Preferably, the rod 86 and tubular member are such as to exhibit some significant degree of frictional resistance to any relative angular rotation therebetween. As should be apparent, this may be accomplished in many different ways among which is employing, for example, a rod which is of significantly smaller cross-sectional diameter than the passage through the tubular member and then bowing or bending the rod so that it, at several points along its length, frictionally and resiliently contacts the juxtaposed internal surface areas of the tubular member.
In any event, the reflector means 76 may be pivotally adjusted generally about the effective pivotal axis of the pivot support means 82 as to thereby present the viewing surface of the reflector means in a position most favorable to the player.
As generally depicted in FIGS. 8 and 9, end 88 of rod 86 may be retained as by releasable clamping means 92 comprising a base portion 96 suitably retained as by screw means 98 to the body of guitar 10 and having a first end curled as at 100 to retain a pivot or hinge pin 102. A second clamping plate 104 is similarly pivotally connected to the hinge pin 102 and is provided with a formed groove-like portion 105 for receiving end portion 88 of rod 86. The opposite end of plate 104 has an aperture formed therethrough for freely receiving a threaded portion 106 of a thumb screw member 108. The base plate 96 has an aligned aperture 110 which is threadably engaged by threaded portion 106. Accordingly, end portion 88 of rod 86 may be retained, as depicted merely by placing it in the position illustrated and tightening the clamping plate 104 downwardly against base plate 96 through use of the thumb screw 108.
As can be seen, in the preferred embodiment the slide bar 74 has a spherical end 112 which is, when played, pointing in the direction of the reflector means 76. As is well known in the art, such slide bars 74 are highly polished and often plated as with chrome or the like. It has been discovered that the polished suface of such slide bar 74, especially the spherical end surface 112, itself acts as, what may be referred to, a primary reflector or mirror surface. More specifically, it has been discovered that light impinging upon the frets (and side rail 73 of such comprises a portion of the guitar 10) is directed upwardly generally against the lower portion of the spherical end surface 112 of slide bar 74, generally as depicted by the arrows 114, thereby appearing as an image pattern thereon.
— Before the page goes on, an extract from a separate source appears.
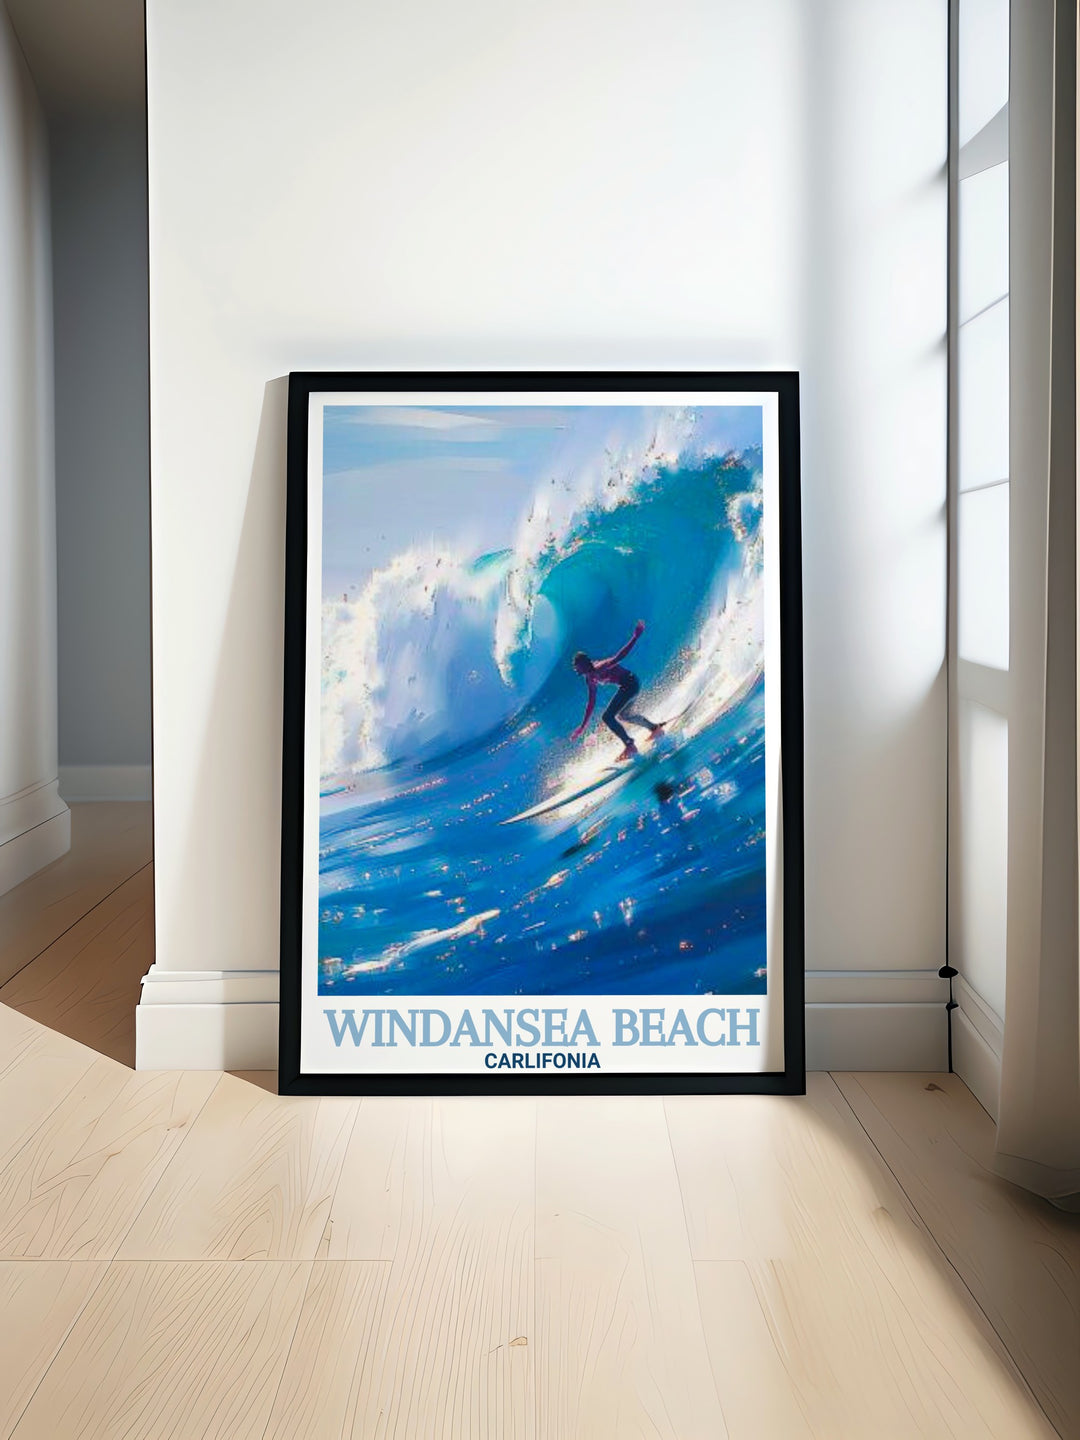 San Diego Poster featuring beautiful rock formations and Surfing Waves at Windansea Beach perfect for beach lovers and art enthusiasts. This vintage California poster is ideal for wall art and makes a great personalized gift for any occasion.

Such image is then further directed against the mirror or reflector means 76 forming a secondary image thereon which, in turn, may be viewed by the player when looking in a direction as generally depicted by arrow A.
For purposes of discussion, let it be assumed that the slide bar 74 of FIGS. 1 and 2 is directly above fret 40 so that the medial vertical plane of such fret 40 passes through the axis of slide bar 74. In such an assumed condition, the player would observe, in the mirror means 76, a primary image of the slide bar 74 and a secondary image of the fret pattern appearing on the lower portion of spherical end 112 of slide bar 74. What the player would thusly see is generally depicted, in relatively enlarged scale, in FIG. 3 which is, in effect a fragmentary portion of the mirror or reflector 78.
That is, referring to FIG. 3, the player would see the image of slide bar 74, in particular the forward or spherical end 112, in the mirror 78. Also, the player would see the secondary reflection of the fret 40, centered, and frets 38 and 42 at either side thereof. Further, if the guitar is of the type employing side rails, a portion of rail 73 would also be seen. Also, primarily depending on the relative angle of mirror 78 and the relative angle of viewing, one or more strings 20 would also be reflectively seen. In such an assumed condition, the image of fret 40 will be exactly vertically disposed and, if one or more strings 20 are also reflected, the strings will appear as touching the lower end of the fret 40 image while being tangentially disposed with respect to slide bar 74. Obviously, the image portions of frets 38 and 42 will appear inclined toward each other and if respective planes were passed through such image portions such planes would also respectively pass through the actual frets 38 and 42 disposed on either side of fret 40. Accordingly, when a player sees such an image pattern, and more specifically a vertically extending image pattern of fret 40, the player assuredly knows that he has properly positioned the slide bar directly over the selected fret (in this case assumed to be fret 40) and that the resulting tonal quality therefrom will be proper.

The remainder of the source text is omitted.